Há muitos séculos, peregrinos do mundo inteiro percorrem suas trilhas atrás da mesma intenção, formando com seus passos, seu esforço e seu suor uma poderosa corrente energética que leva à transformação pessoal. Não é no sofrimento, mas sim no esforço necessário para cruzar as trilhas. Os mais altos montes em direção a Santiago de Compostela, na renúncia ao conforto, no desapego aos bens desnecessários, na dureza e nas dificuldades dos limites ultrapassados muitas vezes, que o peregrino chega à sua mudança, atingindo finalmente um estado que beira uma outra dimensão, na qual o fluxo de forças não encontra mais a densa resistência do corpo.

E é aí que o Ser passa a exercer o comando sobre o corpo, proporcionando a experiência da plenitude em uma viagem inesquecível, um marco na vida de quem a faz.

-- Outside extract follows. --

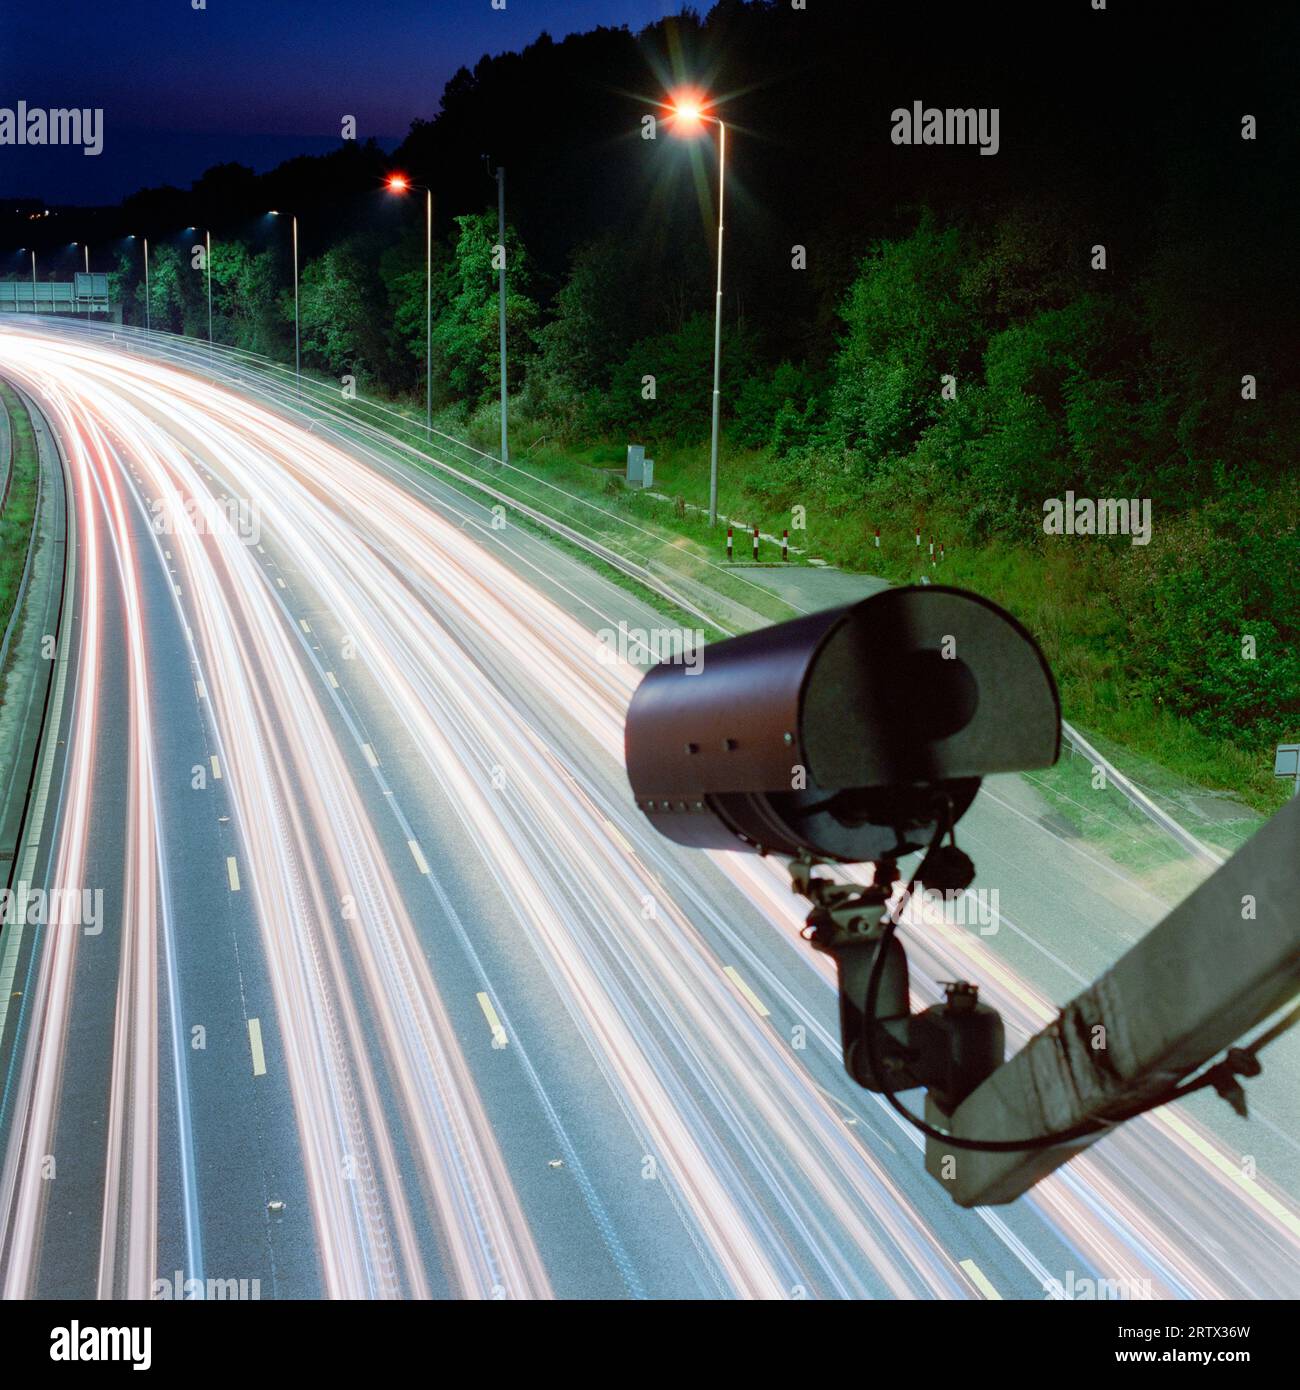 ANPR motorway camera. 'Surveillance state' - camera above lanes of traffic, long exposure at night, UK motorway. Theme, concepts. Copy space Stock Photo

Travessia dos Pirineus Divisa França Espanha

Falar sobre o Caminho de Santiago sempre será um enorme prazer, pois com certeza as lembranças que trago comigo daqueles dias já foram imortalizadas. Chegar à pequena cidade de Saint Jean Pied de Port na França fora a concretização de um sonho. Lembro como se fosse hoje. Fiquei 5 minutos olhando aquela pequena rua que levava até o inicio das infinitas subidas dos Pirineus. Não acreditava que estava ali, dentre tantas incertezas, apenas uma coisa eu sabia: que ao final de 30 dias muita coisa aconteceria. A emoção da primeira pedalada é algo indescritível. Metro a metro eu estava então no Caminho de Santiago de Compostela.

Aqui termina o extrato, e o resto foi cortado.